Repeat exactly the lines from the first line of the records through the line containing "construction objects vector", and nothing more.

(Data items)
====
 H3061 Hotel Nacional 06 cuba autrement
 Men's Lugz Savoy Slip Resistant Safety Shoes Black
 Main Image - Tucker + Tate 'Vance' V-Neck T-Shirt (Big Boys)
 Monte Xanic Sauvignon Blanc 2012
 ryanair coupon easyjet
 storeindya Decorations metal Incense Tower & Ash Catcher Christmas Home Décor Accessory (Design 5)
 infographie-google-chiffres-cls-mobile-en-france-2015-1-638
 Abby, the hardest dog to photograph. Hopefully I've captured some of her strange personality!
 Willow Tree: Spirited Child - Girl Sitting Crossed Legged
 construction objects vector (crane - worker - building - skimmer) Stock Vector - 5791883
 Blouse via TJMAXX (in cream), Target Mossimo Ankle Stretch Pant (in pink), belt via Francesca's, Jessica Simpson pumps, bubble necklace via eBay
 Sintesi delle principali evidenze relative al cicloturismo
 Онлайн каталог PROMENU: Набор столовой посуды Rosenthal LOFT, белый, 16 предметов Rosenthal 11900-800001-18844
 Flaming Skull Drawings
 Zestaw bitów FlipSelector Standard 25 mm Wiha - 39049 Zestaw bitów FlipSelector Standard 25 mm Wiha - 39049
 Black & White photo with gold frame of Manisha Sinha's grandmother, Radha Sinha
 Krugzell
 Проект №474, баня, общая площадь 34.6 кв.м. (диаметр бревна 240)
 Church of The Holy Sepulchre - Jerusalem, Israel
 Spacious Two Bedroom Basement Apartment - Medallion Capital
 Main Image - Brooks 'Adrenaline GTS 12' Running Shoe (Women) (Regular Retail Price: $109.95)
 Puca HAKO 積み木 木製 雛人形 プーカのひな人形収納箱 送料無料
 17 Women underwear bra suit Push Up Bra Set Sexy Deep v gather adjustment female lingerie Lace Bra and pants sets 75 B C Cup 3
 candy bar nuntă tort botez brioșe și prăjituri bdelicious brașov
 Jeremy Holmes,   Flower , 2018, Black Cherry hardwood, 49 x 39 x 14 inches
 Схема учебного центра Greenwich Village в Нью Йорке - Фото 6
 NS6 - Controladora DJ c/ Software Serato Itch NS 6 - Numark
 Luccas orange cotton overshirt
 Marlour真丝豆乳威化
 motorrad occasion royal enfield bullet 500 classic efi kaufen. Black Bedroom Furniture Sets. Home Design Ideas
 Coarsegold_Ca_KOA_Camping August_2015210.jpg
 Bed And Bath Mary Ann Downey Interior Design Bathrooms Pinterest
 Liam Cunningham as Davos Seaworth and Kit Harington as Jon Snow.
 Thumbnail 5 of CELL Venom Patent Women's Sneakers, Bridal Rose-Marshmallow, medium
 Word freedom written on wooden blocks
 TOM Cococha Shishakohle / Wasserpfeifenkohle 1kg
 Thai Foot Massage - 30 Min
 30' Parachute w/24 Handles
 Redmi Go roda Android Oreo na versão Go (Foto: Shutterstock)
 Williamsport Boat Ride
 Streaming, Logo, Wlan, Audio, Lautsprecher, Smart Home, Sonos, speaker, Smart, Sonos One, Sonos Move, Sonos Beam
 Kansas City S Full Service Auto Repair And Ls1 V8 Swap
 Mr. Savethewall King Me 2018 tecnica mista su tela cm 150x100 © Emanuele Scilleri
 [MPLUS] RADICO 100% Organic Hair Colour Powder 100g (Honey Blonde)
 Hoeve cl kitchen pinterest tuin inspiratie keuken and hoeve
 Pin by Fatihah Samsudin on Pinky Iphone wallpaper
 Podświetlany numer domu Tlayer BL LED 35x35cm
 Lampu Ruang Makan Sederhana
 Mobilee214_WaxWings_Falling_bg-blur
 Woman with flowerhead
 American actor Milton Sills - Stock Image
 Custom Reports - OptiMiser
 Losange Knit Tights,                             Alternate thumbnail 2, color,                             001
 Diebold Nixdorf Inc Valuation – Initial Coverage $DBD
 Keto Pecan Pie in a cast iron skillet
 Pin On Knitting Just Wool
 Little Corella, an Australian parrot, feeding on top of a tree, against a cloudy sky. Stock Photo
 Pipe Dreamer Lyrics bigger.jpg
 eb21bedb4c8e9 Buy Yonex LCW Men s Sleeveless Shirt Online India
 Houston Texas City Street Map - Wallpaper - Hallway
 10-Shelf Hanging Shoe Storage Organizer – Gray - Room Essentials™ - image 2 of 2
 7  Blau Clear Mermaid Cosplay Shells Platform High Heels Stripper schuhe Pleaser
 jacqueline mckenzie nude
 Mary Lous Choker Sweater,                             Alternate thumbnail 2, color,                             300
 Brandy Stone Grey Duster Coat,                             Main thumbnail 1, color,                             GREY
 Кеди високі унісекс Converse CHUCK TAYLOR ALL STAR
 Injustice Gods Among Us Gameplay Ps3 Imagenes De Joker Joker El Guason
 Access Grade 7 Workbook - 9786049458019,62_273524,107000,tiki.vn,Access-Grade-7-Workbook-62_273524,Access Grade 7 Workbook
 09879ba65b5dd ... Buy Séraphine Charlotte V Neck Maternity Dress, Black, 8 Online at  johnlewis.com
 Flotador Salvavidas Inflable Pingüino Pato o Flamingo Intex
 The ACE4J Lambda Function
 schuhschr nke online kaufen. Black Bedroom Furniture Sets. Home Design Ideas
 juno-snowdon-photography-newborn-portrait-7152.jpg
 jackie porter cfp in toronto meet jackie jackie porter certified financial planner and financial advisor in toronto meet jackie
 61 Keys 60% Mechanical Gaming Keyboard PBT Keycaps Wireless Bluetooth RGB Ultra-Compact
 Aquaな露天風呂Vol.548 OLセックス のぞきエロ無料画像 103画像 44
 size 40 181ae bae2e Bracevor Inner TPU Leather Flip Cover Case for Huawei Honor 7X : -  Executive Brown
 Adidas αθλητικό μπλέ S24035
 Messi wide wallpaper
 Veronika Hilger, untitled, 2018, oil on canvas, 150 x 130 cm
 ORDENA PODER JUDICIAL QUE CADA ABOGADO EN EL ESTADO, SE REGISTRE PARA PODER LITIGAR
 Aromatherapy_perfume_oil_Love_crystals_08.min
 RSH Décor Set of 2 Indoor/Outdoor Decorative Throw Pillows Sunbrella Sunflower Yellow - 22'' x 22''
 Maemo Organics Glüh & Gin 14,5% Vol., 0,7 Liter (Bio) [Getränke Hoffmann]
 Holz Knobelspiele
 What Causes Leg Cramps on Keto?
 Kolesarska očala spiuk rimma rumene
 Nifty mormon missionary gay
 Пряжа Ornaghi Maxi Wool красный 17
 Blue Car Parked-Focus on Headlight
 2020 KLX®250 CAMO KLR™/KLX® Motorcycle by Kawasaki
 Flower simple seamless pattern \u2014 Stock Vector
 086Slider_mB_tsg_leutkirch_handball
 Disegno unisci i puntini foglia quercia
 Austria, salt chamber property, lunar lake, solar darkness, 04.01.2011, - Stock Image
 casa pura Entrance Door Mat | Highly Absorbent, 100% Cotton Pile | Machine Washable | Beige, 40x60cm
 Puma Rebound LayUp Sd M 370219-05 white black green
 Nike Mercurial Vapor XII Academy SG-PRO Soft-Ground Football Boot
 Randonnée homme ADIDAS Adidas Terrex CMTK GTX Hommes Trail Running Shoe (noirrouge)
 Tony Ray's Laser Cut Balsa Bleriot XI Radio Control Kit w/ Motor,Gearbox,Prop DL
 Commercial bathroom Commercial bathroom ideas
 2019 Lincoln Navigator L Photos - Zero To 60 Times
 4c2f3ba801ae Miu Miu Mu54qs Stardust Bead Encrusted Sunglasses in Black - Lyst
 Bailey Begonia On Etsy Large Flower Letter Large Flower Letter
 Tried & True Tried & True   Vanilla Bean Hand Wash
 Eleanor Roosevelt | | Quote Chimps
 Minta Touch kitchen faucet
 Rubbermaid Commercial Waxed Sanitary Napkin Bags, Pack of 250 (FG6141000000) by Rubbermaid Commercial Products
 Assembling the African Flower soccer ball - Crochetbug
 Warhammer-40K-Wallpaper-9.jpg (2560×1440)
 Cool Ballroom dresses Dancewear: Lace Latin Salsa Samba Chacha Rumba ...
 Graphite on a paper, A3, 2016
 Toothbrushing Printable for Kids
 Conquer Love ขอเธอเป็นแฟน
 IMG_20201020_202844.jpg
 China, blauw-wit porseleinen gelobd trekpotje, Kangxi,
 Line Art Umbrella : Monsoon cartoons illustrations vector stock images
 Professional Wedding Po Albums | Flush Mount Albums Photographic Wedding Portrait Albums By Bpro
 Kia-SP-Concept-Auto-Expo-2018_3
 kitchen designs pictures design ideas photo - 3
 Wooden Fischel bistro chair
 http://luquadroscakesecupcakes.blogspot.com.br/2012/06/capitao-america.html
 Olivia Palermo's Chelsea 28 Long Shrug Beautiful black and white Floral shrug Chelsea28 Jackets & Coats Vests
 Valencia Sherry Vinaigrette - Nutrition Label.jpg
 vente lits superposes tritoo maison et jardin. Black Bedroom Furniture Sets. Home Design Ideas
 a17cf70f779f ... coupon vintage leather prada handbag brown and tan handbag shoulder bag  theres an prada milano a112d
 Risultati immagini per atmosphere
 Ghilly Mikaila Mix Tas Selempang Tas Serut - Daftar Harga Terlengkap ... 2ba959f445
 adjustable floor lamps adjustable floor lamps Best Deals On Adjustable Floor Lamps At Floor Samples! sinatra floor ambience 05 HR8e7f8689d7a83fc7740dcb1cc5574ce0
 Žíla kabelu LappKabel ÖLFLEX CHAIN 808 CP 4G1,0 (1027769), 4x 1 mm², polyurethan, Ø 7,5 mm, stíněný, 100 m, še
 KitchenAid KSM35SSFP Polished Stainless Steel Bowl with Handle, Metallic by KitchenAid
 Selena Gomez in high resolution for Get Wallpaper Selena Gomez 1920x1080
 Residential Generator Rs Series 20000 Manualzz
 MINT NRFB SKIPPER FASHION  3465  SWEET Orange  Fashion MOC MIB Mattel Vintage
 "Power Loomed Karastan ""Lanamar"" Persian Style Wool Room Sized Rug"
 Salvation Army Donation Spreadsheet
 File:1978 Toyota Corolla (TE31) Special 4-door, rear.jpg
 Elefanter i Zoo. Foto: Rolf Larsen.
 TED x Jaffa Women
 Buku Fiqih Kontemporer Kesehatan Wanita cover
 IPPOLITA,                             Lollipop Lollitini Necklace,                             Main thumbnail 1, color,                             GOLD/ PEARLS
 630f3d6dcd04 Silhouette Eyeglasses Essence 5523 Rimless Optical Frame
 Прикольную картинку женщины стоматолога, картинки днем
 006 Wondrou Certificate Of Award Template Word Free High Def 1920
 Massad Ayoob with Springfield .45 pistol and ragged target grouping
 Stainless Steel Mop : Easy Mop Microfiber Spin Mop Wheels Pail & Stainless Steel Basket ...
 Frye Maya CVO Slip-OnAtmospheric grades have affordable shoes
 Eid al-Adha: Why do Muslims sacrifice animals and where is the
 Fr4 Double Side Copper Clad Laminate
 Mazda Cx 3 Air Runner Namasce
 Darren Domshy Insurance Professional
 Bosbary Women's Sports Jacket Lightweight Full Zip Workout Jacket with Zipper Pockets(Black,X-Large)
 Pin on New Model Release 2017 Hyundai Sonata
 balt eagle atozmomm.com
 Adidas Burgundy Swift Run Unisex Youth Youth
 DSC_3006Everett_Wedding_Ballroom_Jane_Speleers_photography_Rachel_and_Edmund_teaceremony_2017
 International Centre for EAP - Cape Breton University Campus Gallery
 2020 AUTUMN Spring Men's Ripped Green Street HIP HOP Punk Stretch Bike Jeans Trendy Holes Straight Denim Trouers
====
_SOLVED PROBLEM_.
 H3061 Hotel Nacional 06 cuba autrement
 Men's Lugz Savoy Slip Resistant Safety Shoes Black
 Main Image - Tucker + Tate 'Vance' V-Neck T-Shirt (Big Boys)
 Monte Xanic Sauvignon Blanc 2012
 ryanair coupon easyjet
 storeindya Decorations metal Incense Tower & Ash Catcher Christmas Home Décor Accessory (Design 5)
 infographie-google-chiffres-cls-mobile-en-france-2015-1-638
 Abby, the hardest dog to photograph. Hopefully I've captured some of her strange personality!
 Willow Tree: Spirited Child - Girl Sitting Crossed Legged
 construction objects vector (crane - worker - building - skimmer) Stock Vector - 5791883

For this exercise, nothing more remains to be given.